Laut der Regierung wurden diese Woche 89 Lastwagen mit Lebensmitteln und medizinischem Material in verschiedene Städte und Gegenden von Tigray geschickt. Rund 30 Lastwagen seien bereits in der Regionalhauptstadt Mekele angekommen. Drei weitere Lieferungen mit medizinischem Material würden in Kürze erwartet. Die Regierung räumte sporadische Schusswechsel ein, betonte jedoch, die aktiven Kämpfe seien zu Ende. Weil unabhängige Berichte über die Lage fehlen, wächst international die Sorge. 

Den Vereinten Nationen zufolge ist die Situation in Tigray weiter kritisch. Schätzungen zufolge sind nahezu 50.000 Menschen vor der Gewalt aus Äthiopien geflüchtet. Bis zu 500 Personen überquerten die Grenze zum Nachbarland Sudan jeden Tag, teilte UNHCR-Sprecher Babar Baloch in Genf mit. Einige der Flüchtlinge hätten erschütternde Erlebnisse berichtet, nach denen bewaffnete Gruppen sie auf der Flucht ausgeraubt hätten. Die Menschen seien schwach und erschöpft nach einer teils wochenlangen Flucht.

Die UN fordern seit Wochen von der äthiopischen Regierung, den uneingeschränkten Zugang für internationale Helfer zu der Region zu garantieren. Das International Rescue Committee (IRC) teilte am Donnerstag in New York mit, ein Mitarbeiter sei in einem Flüchtlingslager nahe der Stadt Shire getötet worden. Zu den genauen Umständen konnte die Organisation noch keine Angaben machen. Am Dienstag hatte es bereits Berichte gegeben, wonach ein UN-Sicherheitsteam beim Versuch, ein Flüchtlingslager in Tigray zu besuchen, beschossen wurde.

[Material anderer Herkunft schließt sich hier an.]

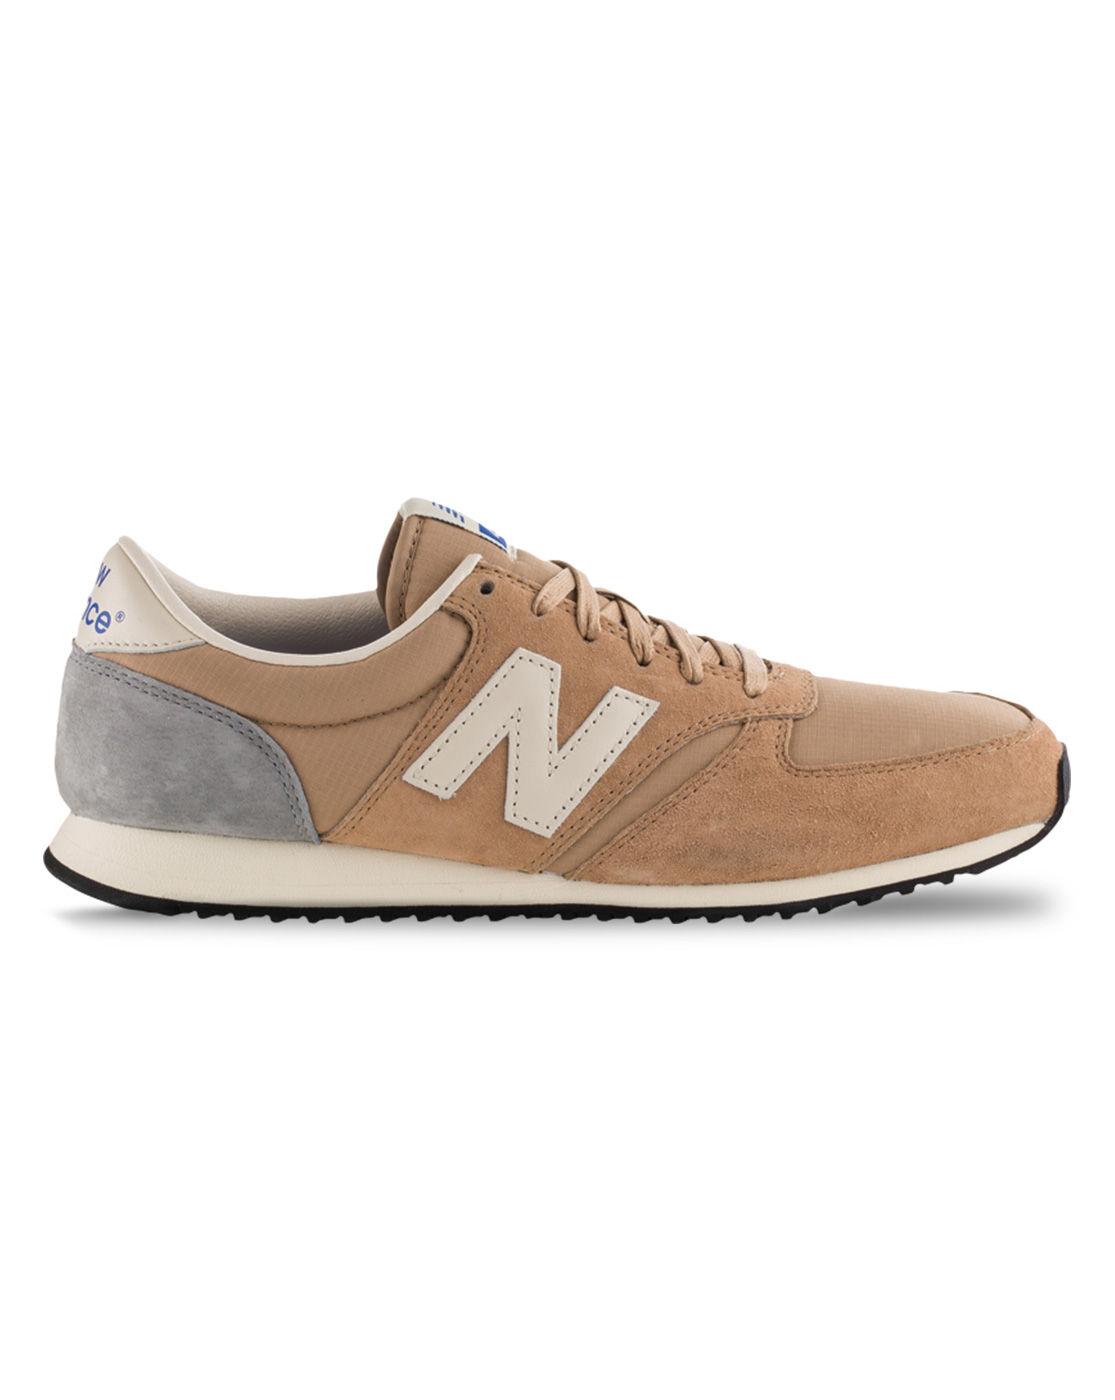 new balance u420 beige suede sneakers in brown for men beige lyst. Black Bedroom Furniture Sets. Home Design Ideas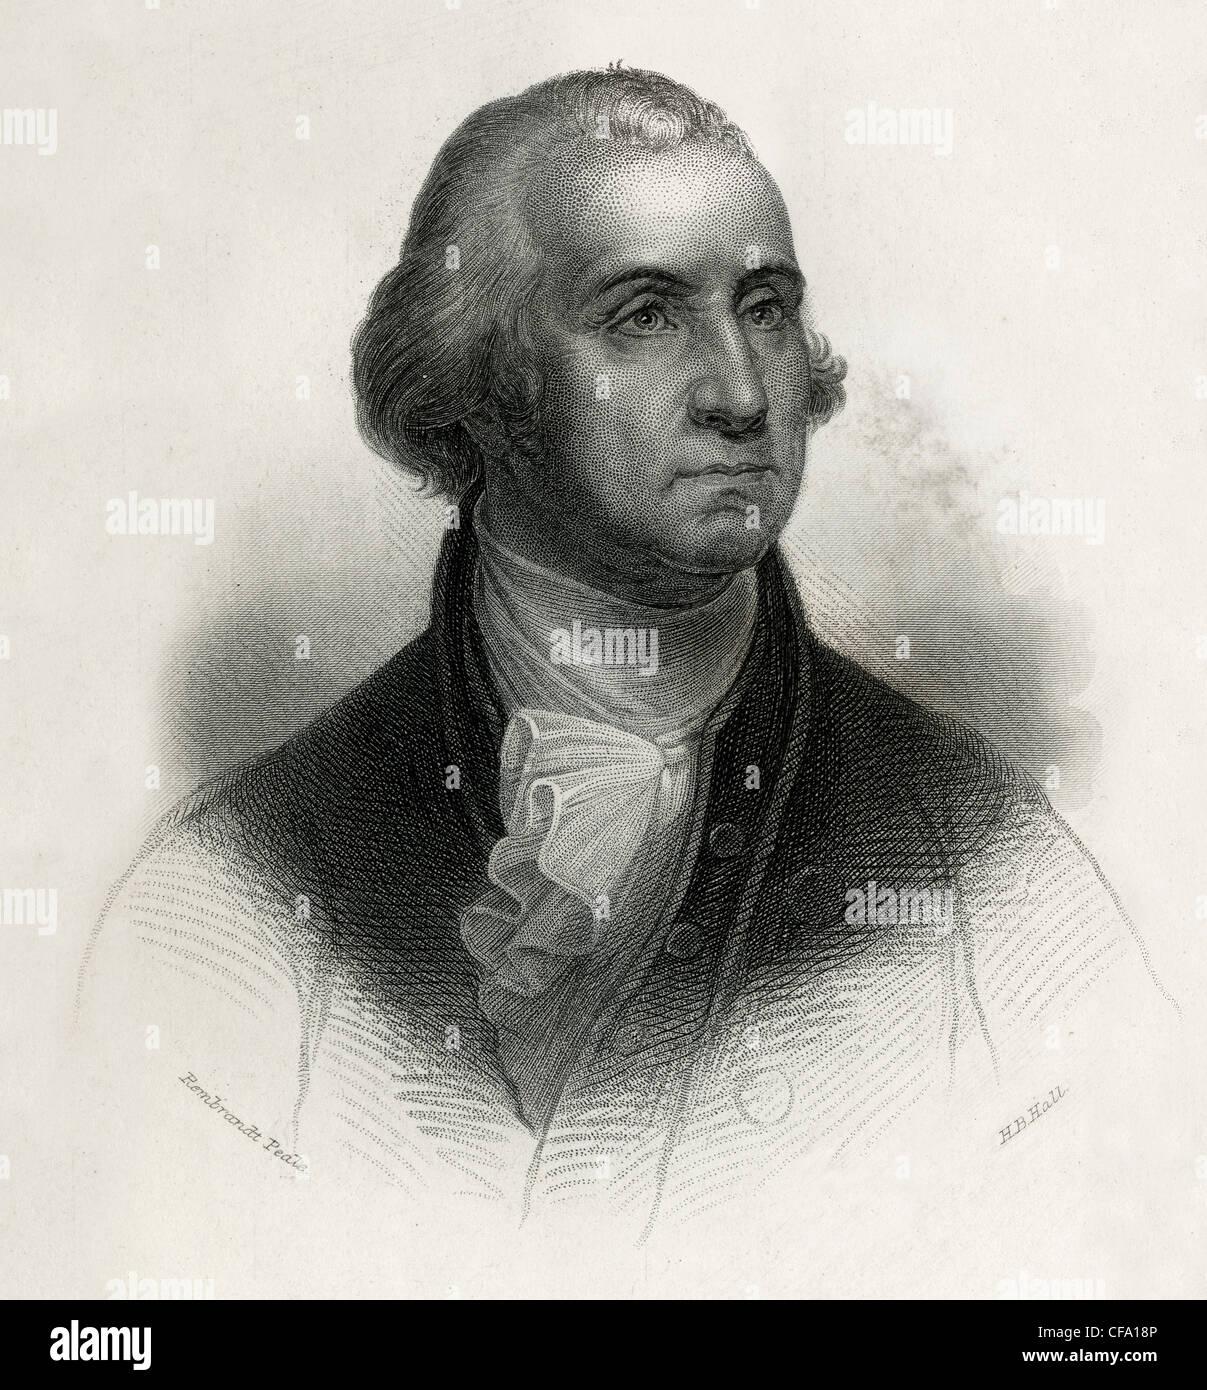 George Washington Engraving Imágenes De Stock & George Washington ...

Die Armee der äthiopischen Regierung und die Volksbefreiungsfront von Tigray (TPLF), die die Region bisher kontrollierte, lieferten sich seit Anfang November heftige Kämpfe um die Kontrolle von Tigray. Die Regierung hatte am Montag den Sieg über die TPLF erklärt. Hintergrund des Konflikts ist ein Kampf um Macht und Einfluss, nicht nur in Tigray, sondern auch in der Zentralregierung. Die Tigray-Minderheit hatte im Vielvölkerstaat lange Zeit eine entscheidende Stellung in Politik und Armee, seit dem Machtantritt von Ministerpräsident Abiy Ahmed 2018 hat sie an Einfluss verloren.